En Terapia de pareja, Terapia individual

 

Sigan con el post de esta semana, que giraba hacia el miedo a la soledad, quisiera explicar en este escrito lo que he observado en varias personas, durante estos años de trabajo.

Es muy cierto que muchas personas se encuentran atrapadas en relaciones de pareja no satisfactorias, y éste es un motivo que a menudo les lleva a terapia.

Manifiestan ser infelices dentro de la relación, sentirse atrapados, aburridos, no satisfechos, cansados. A veces este malestar se traduce en un continuo de discusiones de mayor nivel, otras en una especie de chantaje emocional mutuo, en otros casos son pequeños pero constantes conflictos, malentendidos, desencanto, etc.

Una de las preguntas que hago a menudo es porqué siguen con esta pareja, ya menudo la respuesta es porque me gusta, la quiero, porque cuando estamos bien estamos muy bien….

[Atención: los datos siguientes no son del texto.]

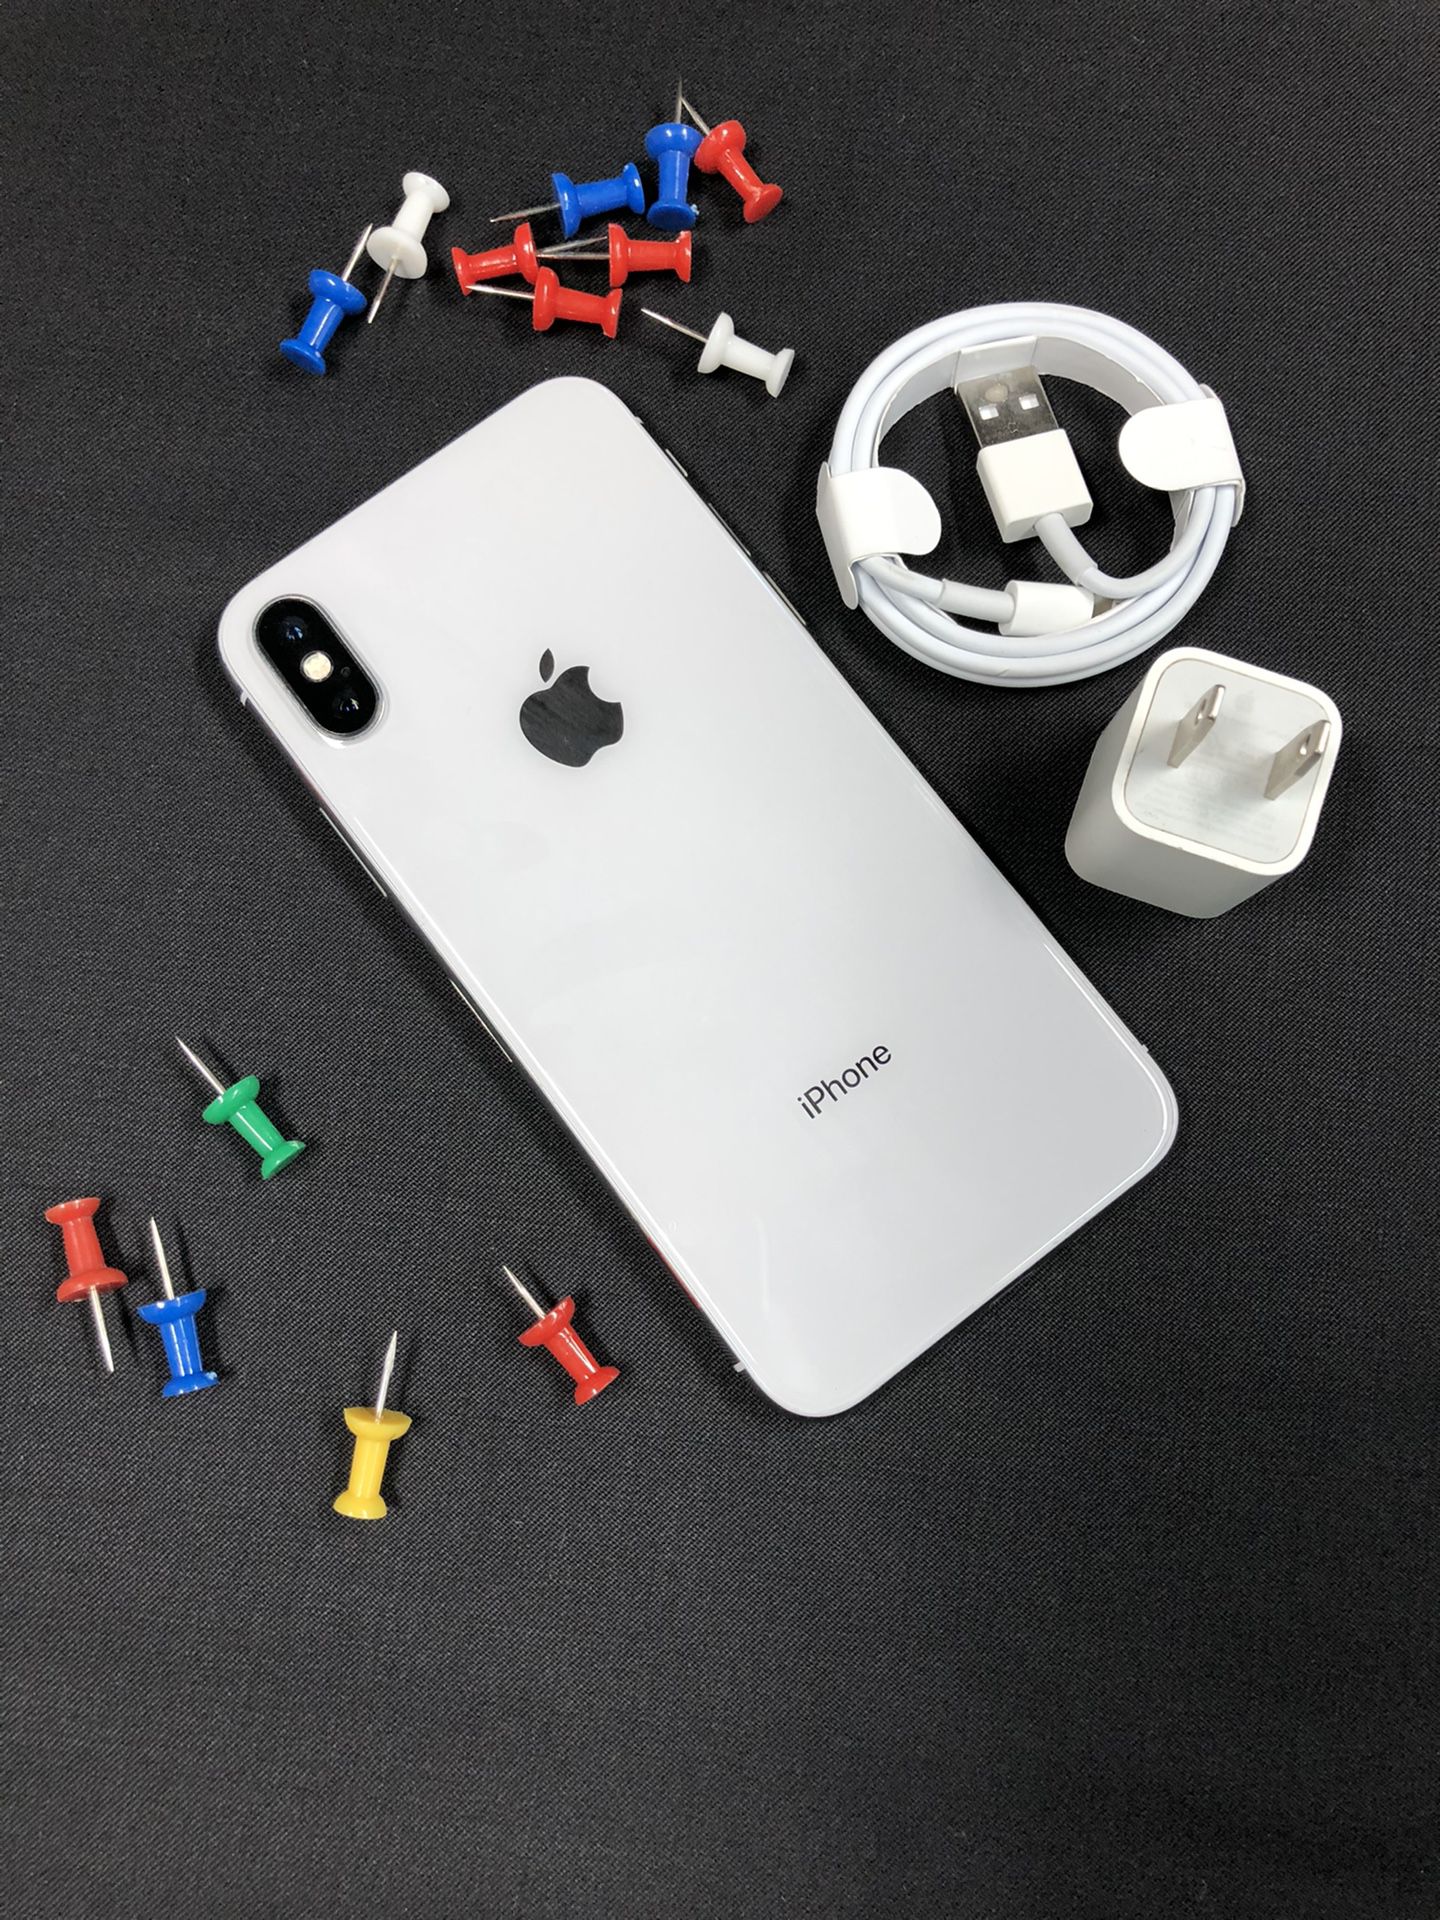 256Gb Silver iPhone X - Factory Unlocked.
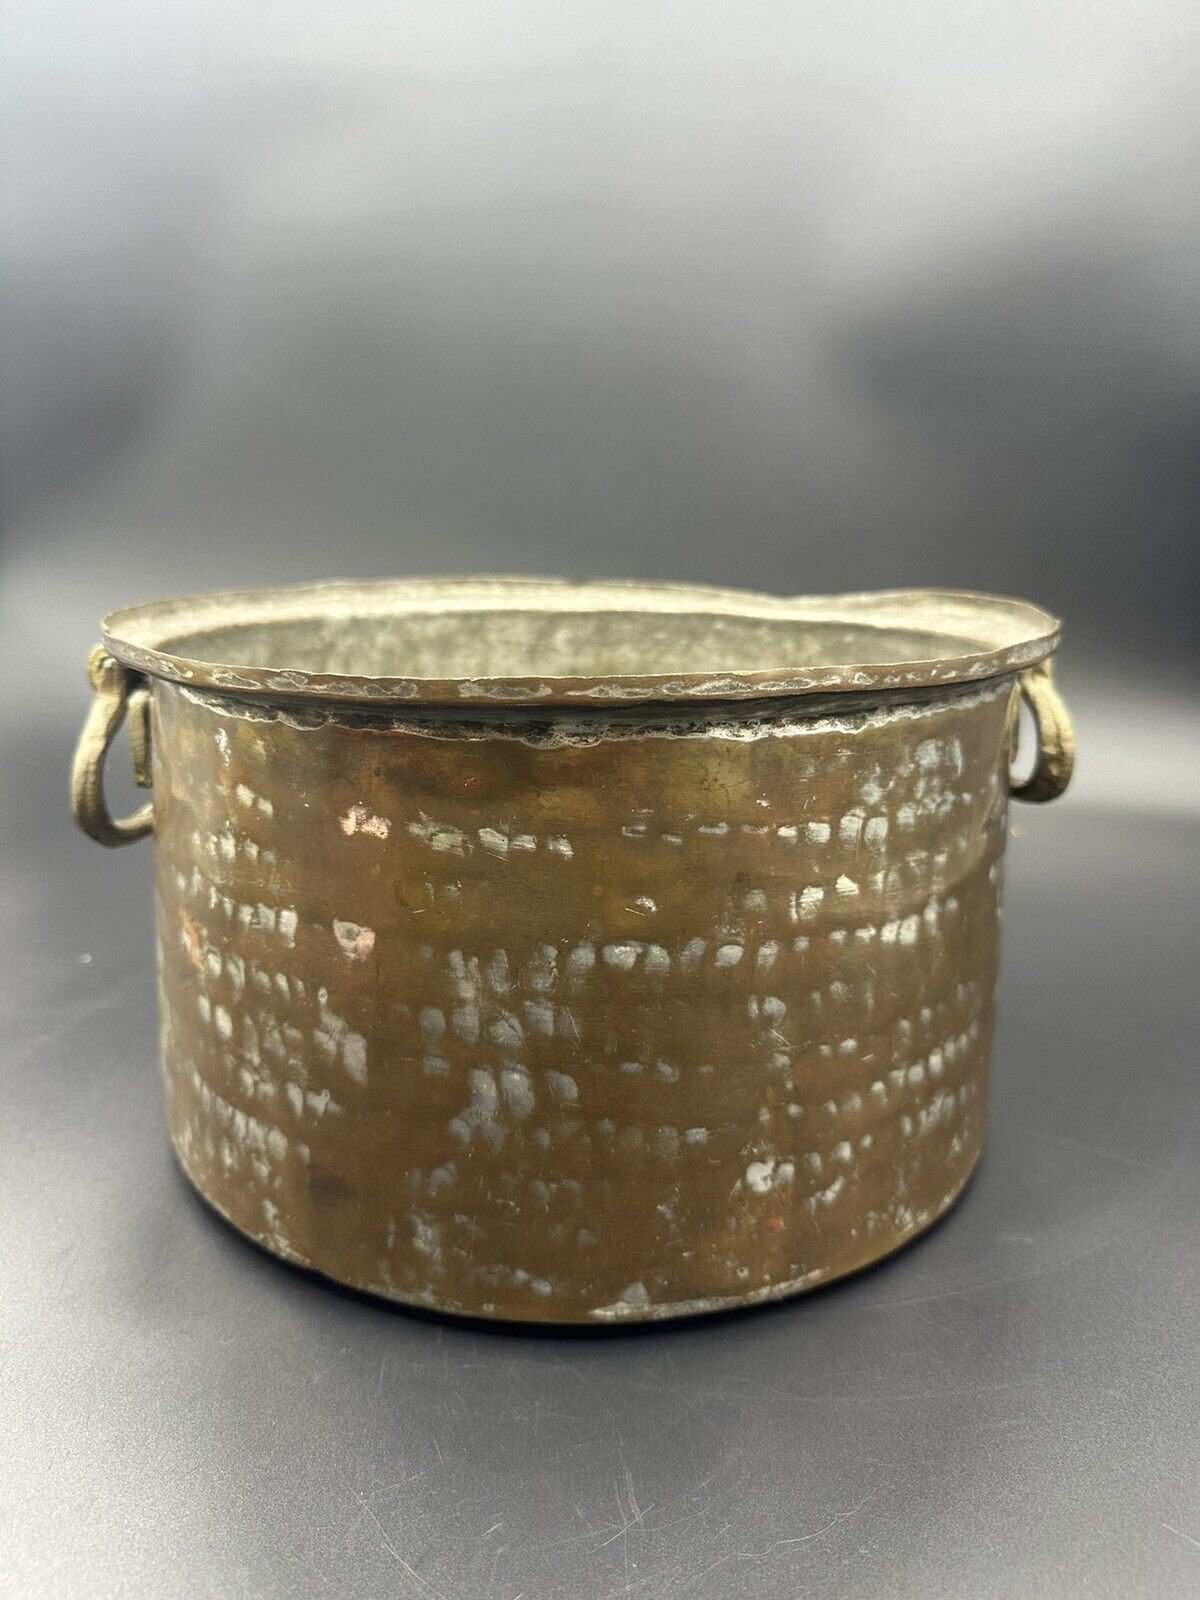 Vintage Antique Hammered Copper Cooking Pot/Cauldron with Brass Handles Handmade

Otra pregunta que suelo hacer es que ha oído si alguna vez han estado a punto de dejarlo, la respuesta es casi siempre la misma: Miedo. He sentido miedo.

Uno de los miedos que explica por qué seguimos con la pareja, a pesar de las discusiones, las desavenencias, como muy bien se explicaba en el post anterior, es el miedo a la soledad, a estar solo con uno mismo, a quedarse sin pareja y todo lo que esto real o imaginariamente implica.

Pero ante la pregunta: ¿Qué es lo que te da más miedo a quedarte sin él/ella?, a menudo la respuesta es: Que la echaría de menos.

Entonces, insisto: ¿Y que es lo peor de echar de menos a alguien? ¿Qué nos pasa, cómo estamos cuando echamos de menos a alguien?

Y la respuesta aquí sí, invariablemente es: que lo pasemos mal, que no estamos bien. En conclusión: que sufrimos.

Y éste es un gran miedo del ser humano: sufrir.

Todo el mundo es consciente de que después de una ruptura conoces a otras personas, lo más probable es rehacer tu vida de pareja, superarlo y volverse a enamorar o a amar a otro. Todo el mundo sabe que nadie es imprescindible y que podemos amar a más de una persona y que podremos ser felices de nuevo. Pero la perspectiva del sufrimiento, a menudo, hace que muchas personas prefieran seguir con quienes están, a pesar de no estar bien.

Esto nos pasa por ser corto plazistas, porque se nos hace angustiando la idea de que después de la rotura habrá un período de duelo y por tanto sufrimiento, a pesar de saber que se acaba superando.

Perdemos por tanto el miedo al sufrimiento, al cabo de abajo, forma parte de la vida. No existe vida sin sufrimiento. Estamos completamente preparados para soportarlo, para hacerle frente, incluso para integrarlo y sacar un aprendizaje vital.

Durante este tiempo posterior a la rotura puedo aprovechar para hacer un repaso de lo que falló, de qué errores puedo aprender, de dónde empezó a ir todo mal, de lo que no quiero volver a repetir en próximas relaciones, de perdonarme y perdonar en el otro, etc.

Perdemos el miedo al sufrimiento y pensamos a medio y largo plazo, porque después de la ruptura, del luto y el sufrimiento, lo más probable, es que tendremos la oportunidad de construir otra relación, y darnos una nueva oportunidad.